林覺臉上一紅,忙道:“先生請原諒學生的孟浪,學生對浣秋是真心實意的,也正要稟報家主請人上門提親的。”
方敦孺擺手道:“老夫不是怪你,你和浣秋的事,我和你師母也看在眼中。”
林覺忙道:“這麽說先生是不反對了?說是師母和浣秋她們去京城了,但不知她們什麽時候回來?探訪的那位名醫當真有手段麽?花多少錢都成,先生這裏不方便的話,學生可代為籌措。”
方敦孺默默的看著林覺,半晌後沉聲道:“這裏有浣秋留給你的一封信,你先看看再說吧。”
方敦孺伸手從書架的一本書頁之中抽出一封信來遞給林覺。林覺忙伸手接過來,那信封上寫著‘林覺親啟’四個娟秀的小字,那正是方浣秋的筆跡。
林覺迫不及待的打開信封抽出一張素簡,一股淡淡的香味沁入鼻中,這香味正是熟悉的方浣秋身上的味道。方浣秋喜歡茉莉香氣,隨身所用之物都愛熏茉莉香片,這信箋上的香氣便如同她身上的香味一般。
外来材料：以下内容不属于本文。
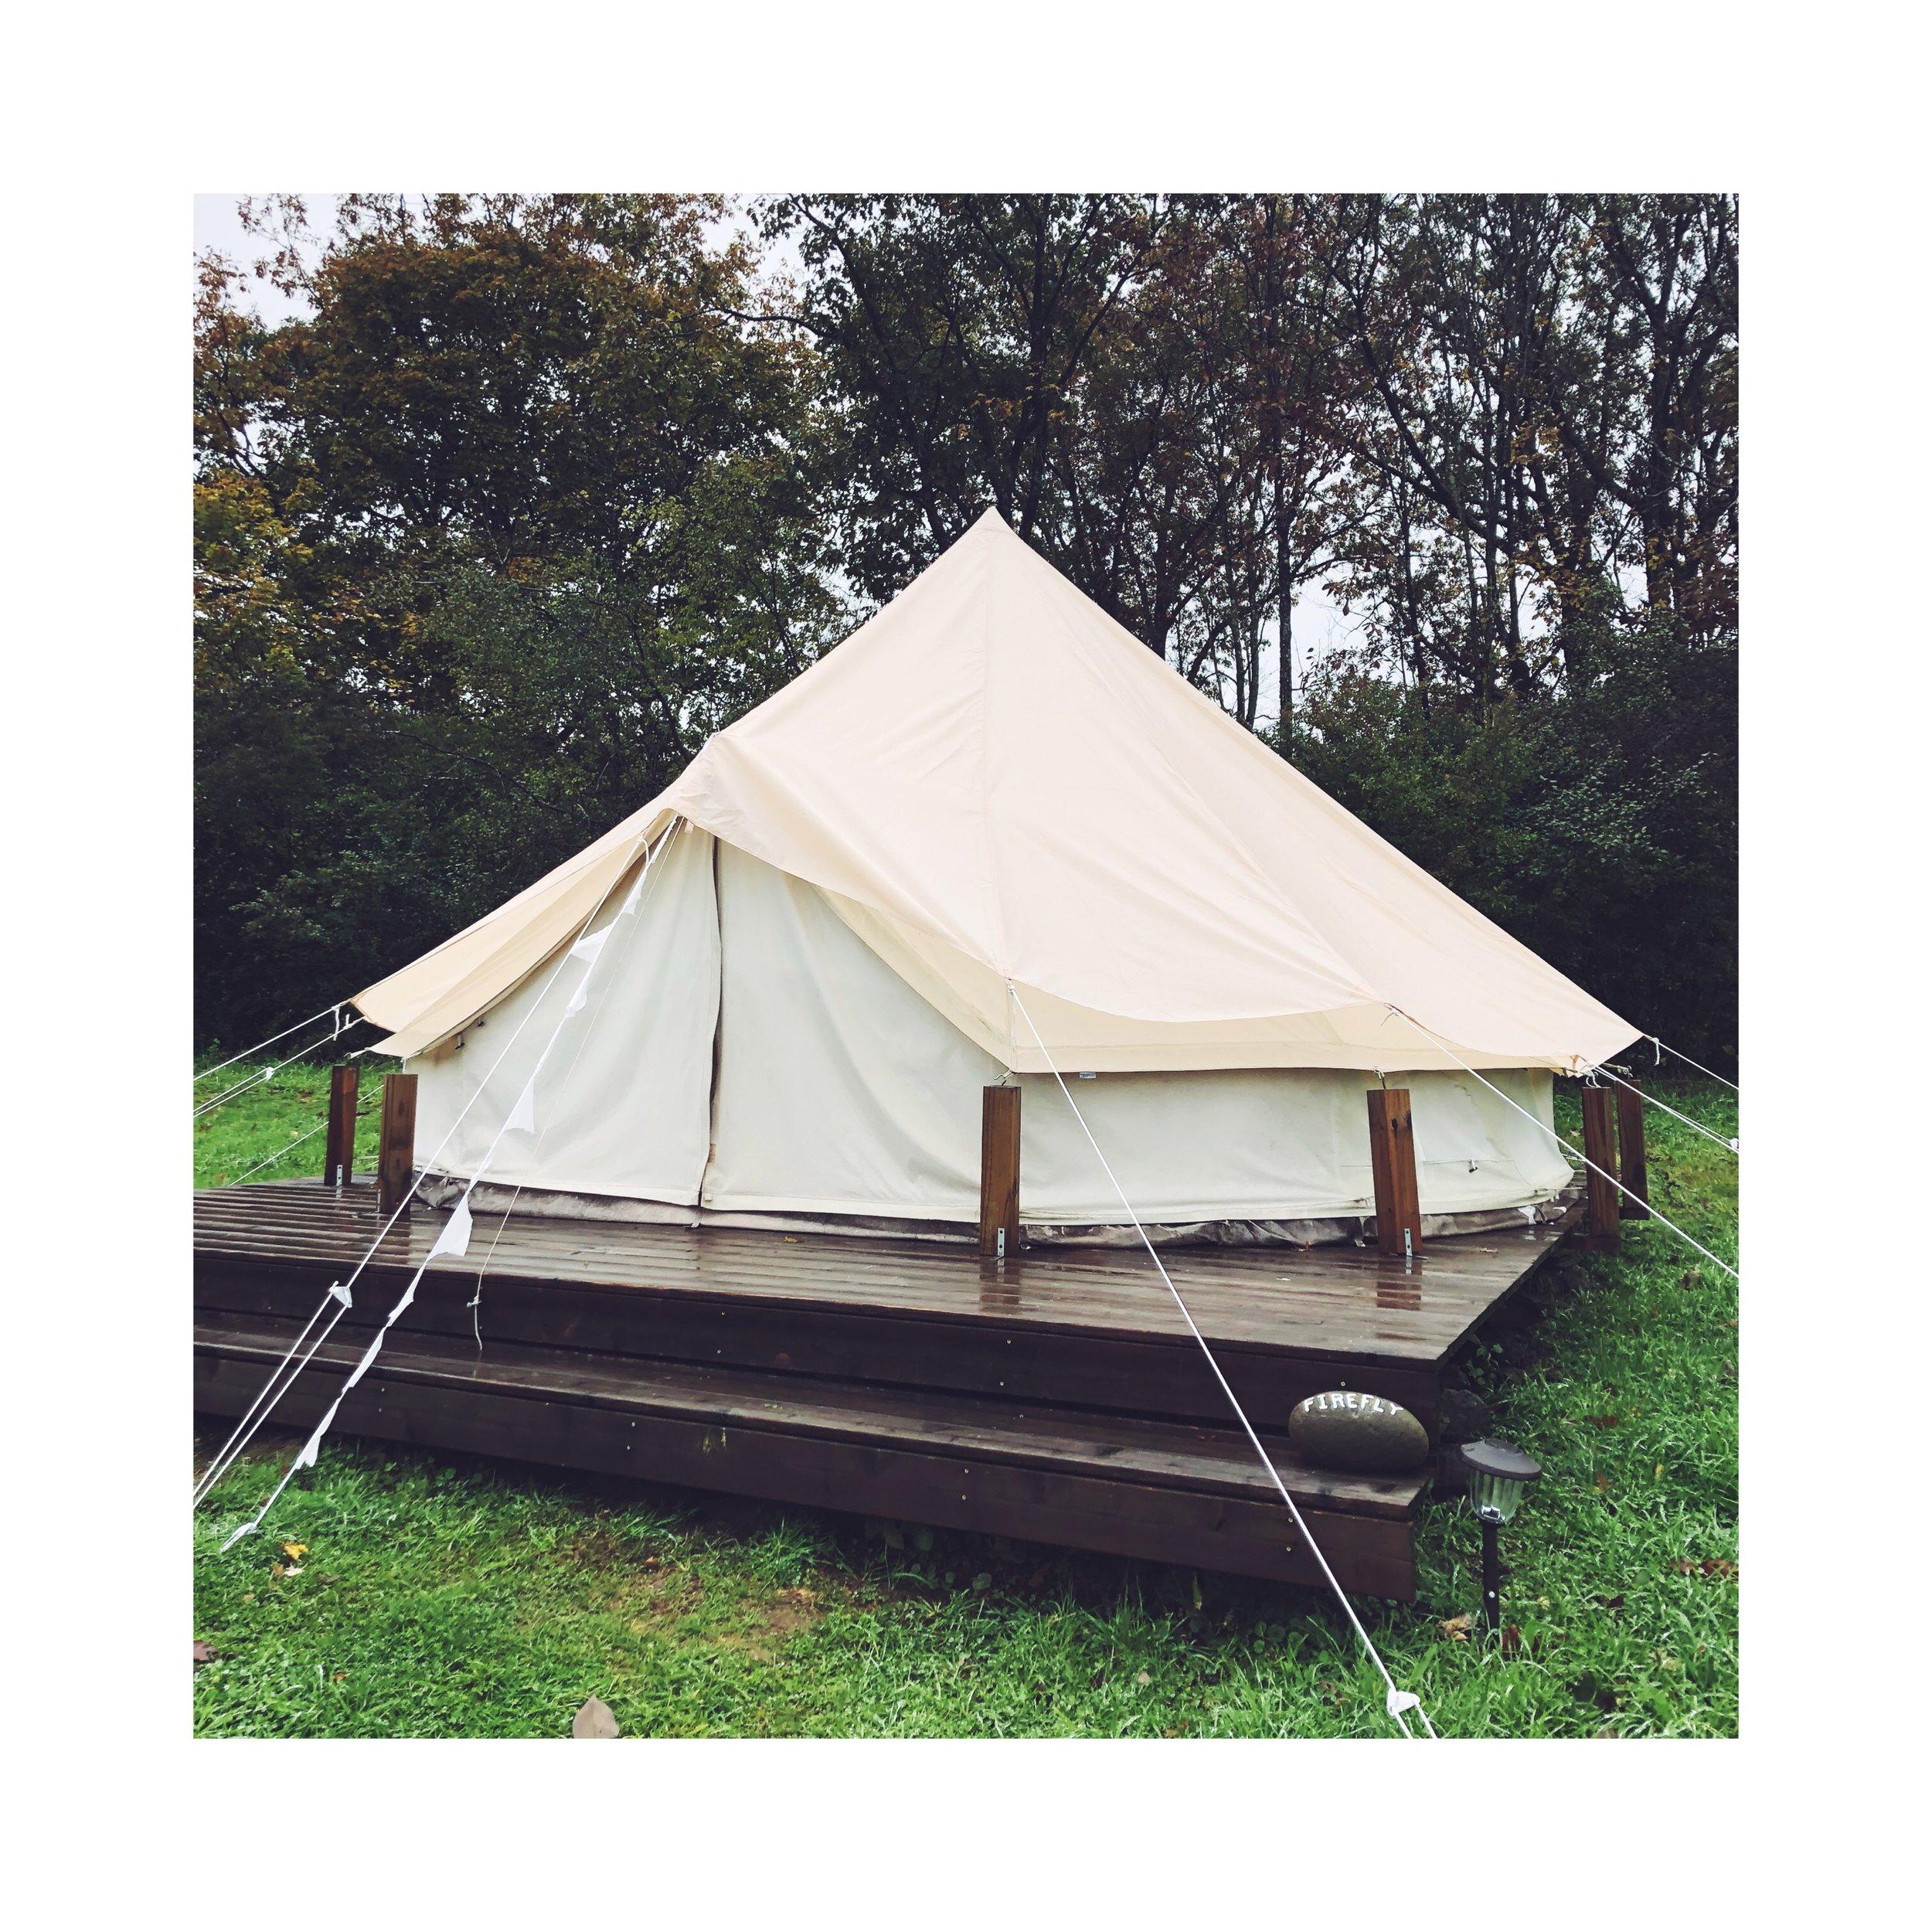 JoyForm_Space Series_Tent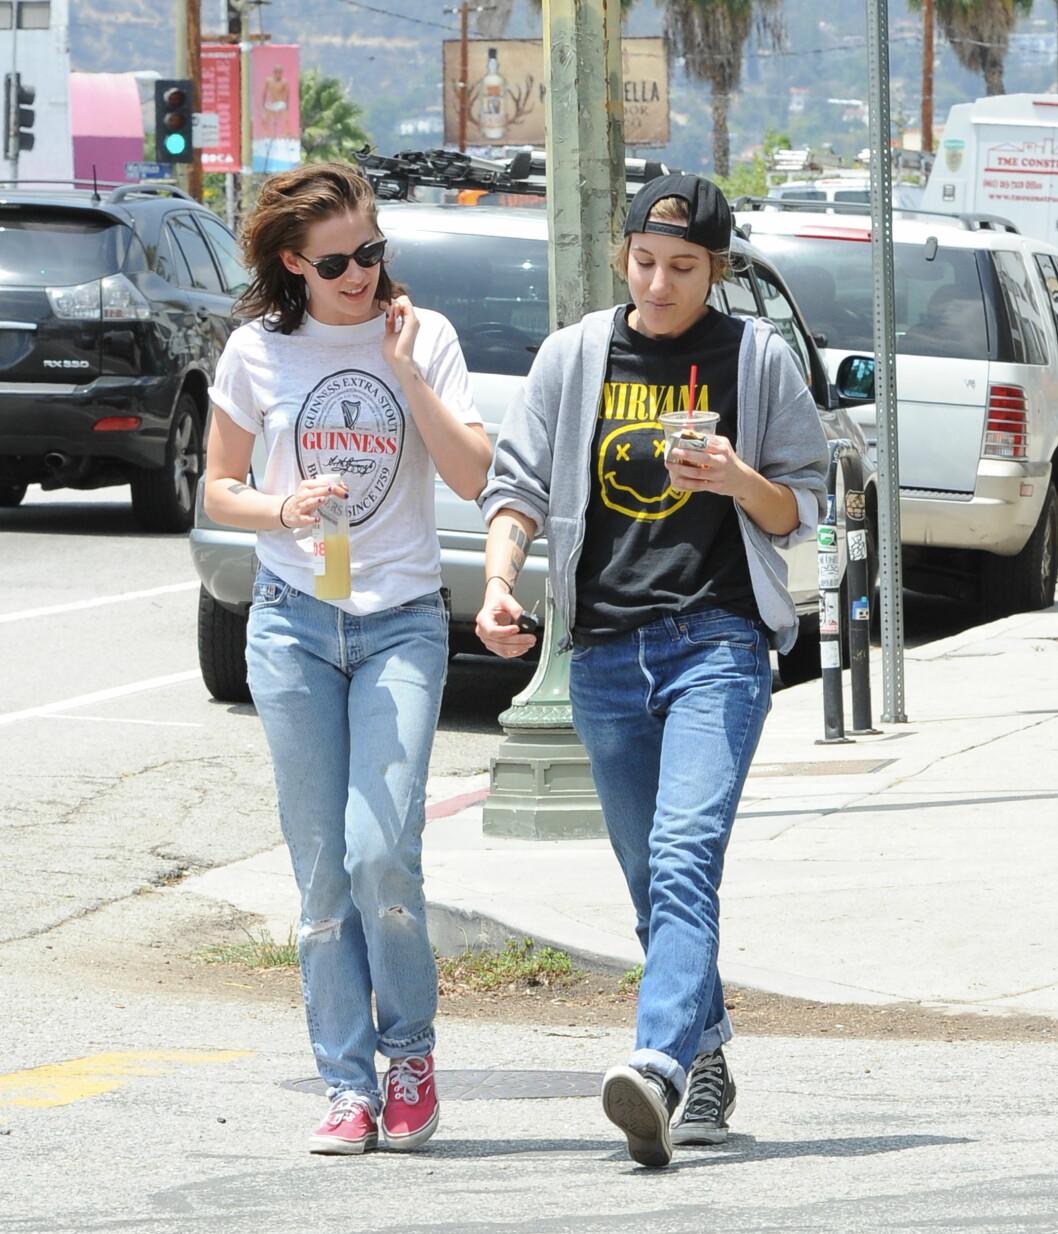 NY FLAMME: Ingen av dem har bekreftet forholdet enda, men amerikanske medier har i lang tid ment at Kristen er i et forhold med Alicia Cargile. Foto: Scanpix

林覺緩緩展開素簡,一行行端正娟秀的簪花小楷出現在眼前。
“林郎卿卿,見字如麵。郎自遠行以來,浣秋日日所思夜夜所想皆為林郎,涕淚不知凡幾。每日立於崖頂山巔,茫然眺望不知君之所至。念君思君,唯天地白雲知我之心……”
林覺眼中酸澀,隻讀數言竟有湧淚之感。他似乎在腦海中看到了自己走後,每日裏方浣秋惆悵所失輾轉反側的模樣。每日裏穿行於後山高草之中,立於山崖之上眺望的情形。心中既感動又酸楚。
“……奴自小身染重疾,自知陽壽短暫,生死難料。本以為此生再無所想再無所願,但老天垂憐,讓郎君出現在我身邊,讓奴感受到活著是多麽好的事情。君之憐愛,奴感激至深,銘記肺腑之中。”
“那日你離別之際,許下山盟之誓要娶我為妻,郎君可知我歡喜的數日未眠,無時無刻不在盼望著那一天的到來。然冷靜思索之後,雖我很想成為林家之婦,為你端茶送水侍奉一生。但是我卻知道,以浣秋病怏之軀,既不能為林家生兒育女,亦不能侍奉郎君與君白頭偕老,所以,這終歸是一場美夢而已。浣秋深信君之真心,但浣秋不能太過自私。”